For \(2n\)-dimensional compact symplectic manifolds \((M_1,w_1)\) and \((M_2,w_2)\) an oriented symplectic cobordism is considered, i.e., a \((2n+1)\)-dimensional manifold \(X\) equipped with a two-form \(\sigma\) such that \(\partial X=M_1\bigsqcup M_2^-\), the pull-back of \(\sigma\) on \(M_i\) is equal to \(w_i\) (\(i=1,2\)), and the kernel of \(\sigma\) is a rank one-subbundle \(\nu\) in \(TX\). A symplectic cobordism between cobordant symplectic manifolds can be viewed as a generalization of an extended phase space conception: in the case when \(M_1=M_2\), \(w_1=w_2\), \(X=M\times [0,T]\) and \(\sigma=w+dt\wedge dH\) then the integral curves of the subbundle \(\nu\) can be identified with the integral curves of the Hamiltonian flow of \(H\) on \(M\). The trajectories of \(\nu\) in \(X\) define a characteristic relation \(\Gamma\), which is a generalization of the canonical transformation \(M_1\rightarrow M_2\). In the case when \(\sigma\) has integral cohomology class in \(H^2(X,\mathbb{R})\), the authors consider the quantization of the symplectic cobordism as a unitary operator between Spin\(^c\) quantizations of cobordant symplectic manifolds \(M_1\) and \(M_2\), which in the semiclassical limit corresponds to the characteristic relation \(\Gamma\).

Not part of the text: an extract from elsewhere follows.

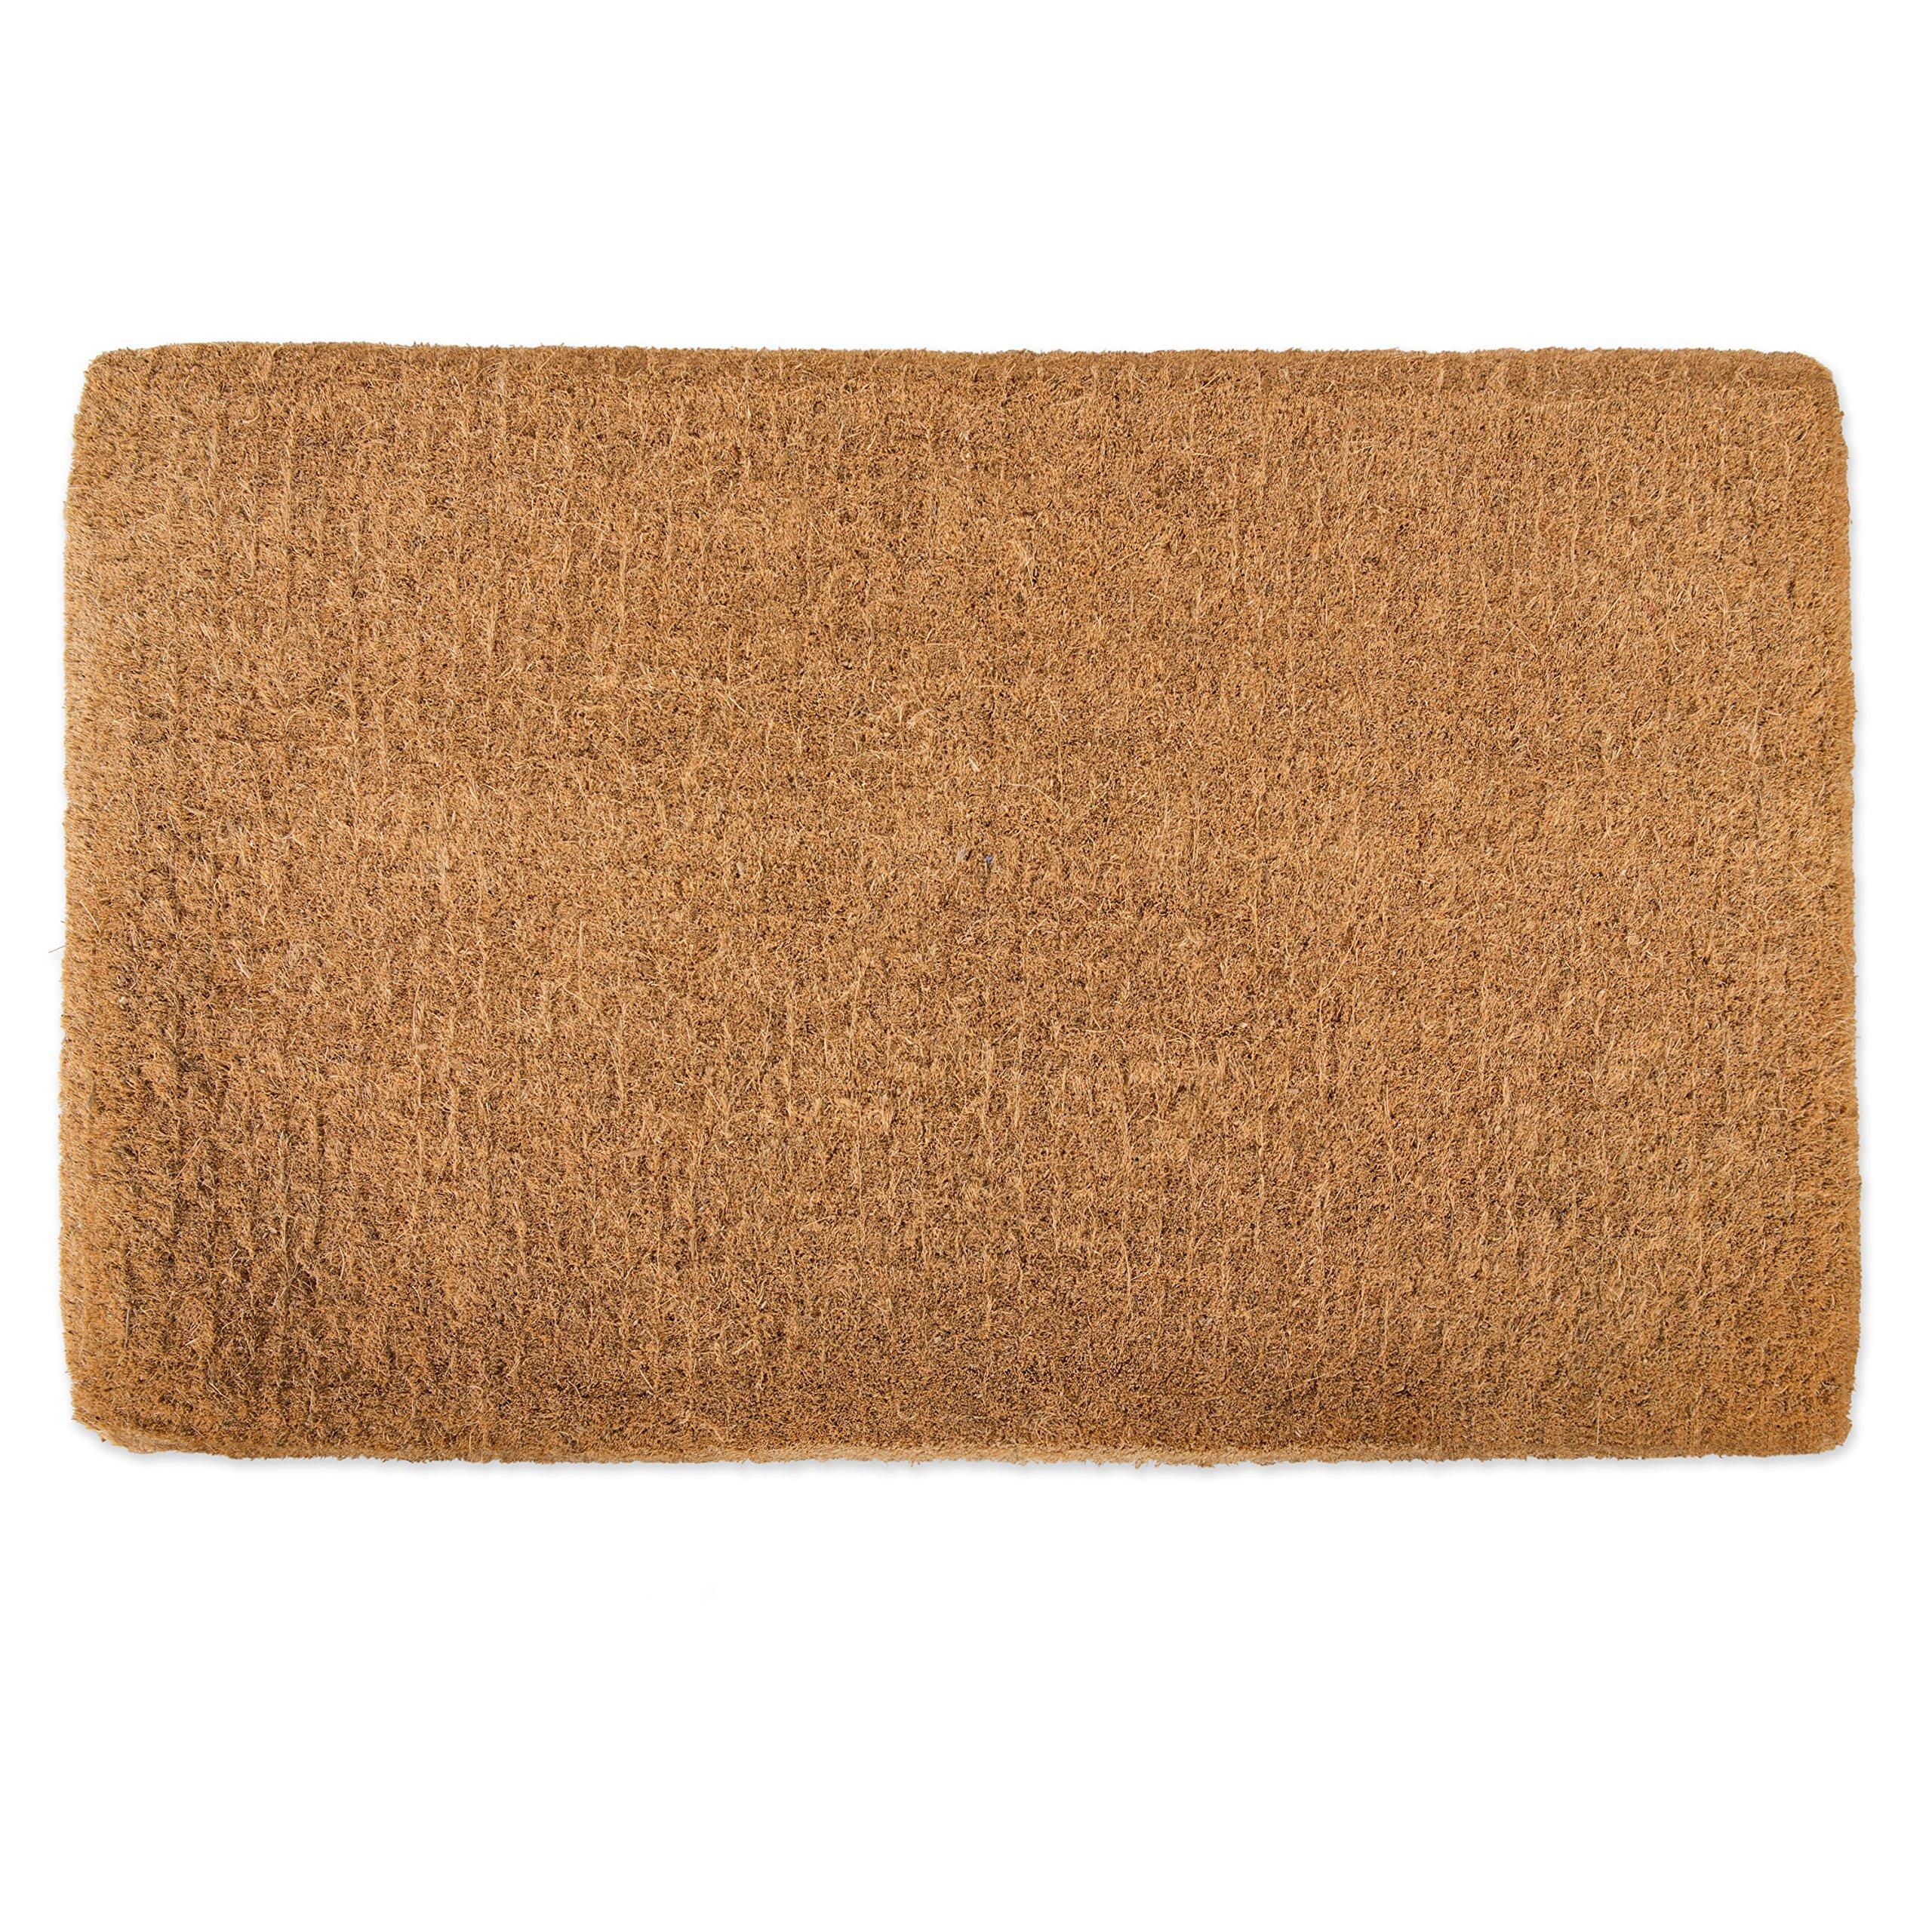 Natural Coir Coco Fiber Imperial Outdoor Doormat, 30x48'', Heavy Duty Entry Way Shoes Scraper Patio Rug Dirt Debris Mud Trapper Waterproof-Plain by J&M Home Fashions

In the end of the paper, using these constructions, the authors consider the following two examples: the correspondence between theta functions on a torus and holomorphic differentials on a genus 2 surface, and a quantized ``Baker's transformation''. The technique developed in the paper can be applied for simplifying the quantization of complicated objects using cobordism relations.